Now the minute a question or idea pops into my head I can run to the computer any time of the day or night and google the subject to my heart’s content, coming up for air hours later, as I succumbed to the need to follow just one more link.
It’s gotten even worse since I gave in and started checking my emails and Facebook on my iPhone. Although I might have deliberately turned off my computer on a particular day, I could still distract myself with my phone.
Even if I could fool myself into thinking all this ‘research’ was the best way to move forward with my photography, the fact of the matter is, I just can’t accept that I’ll never again be able to lose myself in a good book the way I did when I was a kid.
I want my husband and my kids to once again trip over me in odd places, book in hand, deaf to the world around me.
Morgan and Kim are getting married in two weeks. Hunting season has started and Henry’s going to be in the bush as often as he possibly can until the end of November.
And I am going back to my childhood. It’s time to quiet my mind and learn once again to focus on one thing at a time.
Aside from my Still Life photography class, which is online, I’m going to stay off the internet until, gulp . . . the end of November.
I will check my email each morning but then all my devices will be turned off for the rest of the day.
I have a stack of fiction piled high beside my chair, cook books bristling with markers for new baking recipes to try out for the wedding and an assortment of photography challenges I’ve set for my self to do rather than to read about how to do.
I honestly don’t know if I will succeed at this challenge, but the sweetness of losing myself in a good book, or the ability to focus on one. thing. at .a. time. is too precious not to try my hardest to do so.
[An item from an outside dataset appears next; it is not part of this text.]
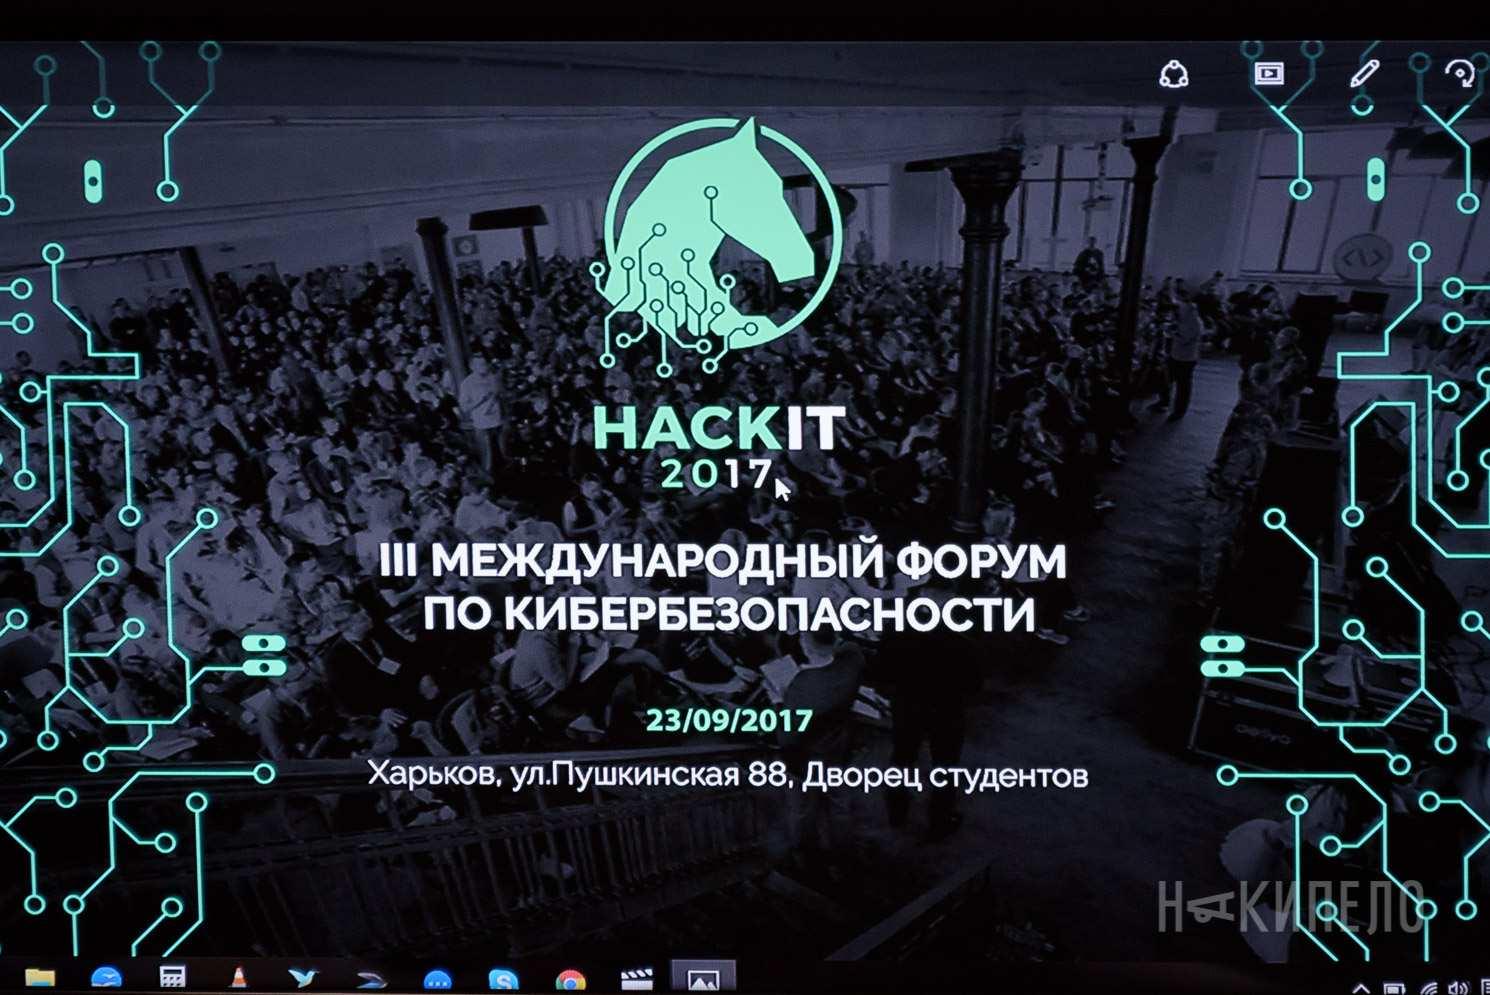 HackIT

I know I won’t be able to resist Instagramming or Facebooking a few pictures of the wedding though, so I am giving myself an exemption for that. ;D (Look for me there on the weekend of November 7th. Henry and I will be celebrating our 30th anniversary that Sunday as well!)
I’d love to know if any of you struggle with the lure of the world wide web. . . .
For some reason, I’m not able to access the comments on my blog at the moment, but I do see each and every one in my email inbox, so please, drop me a line and let me know I’m not the only one . . .
See you December first.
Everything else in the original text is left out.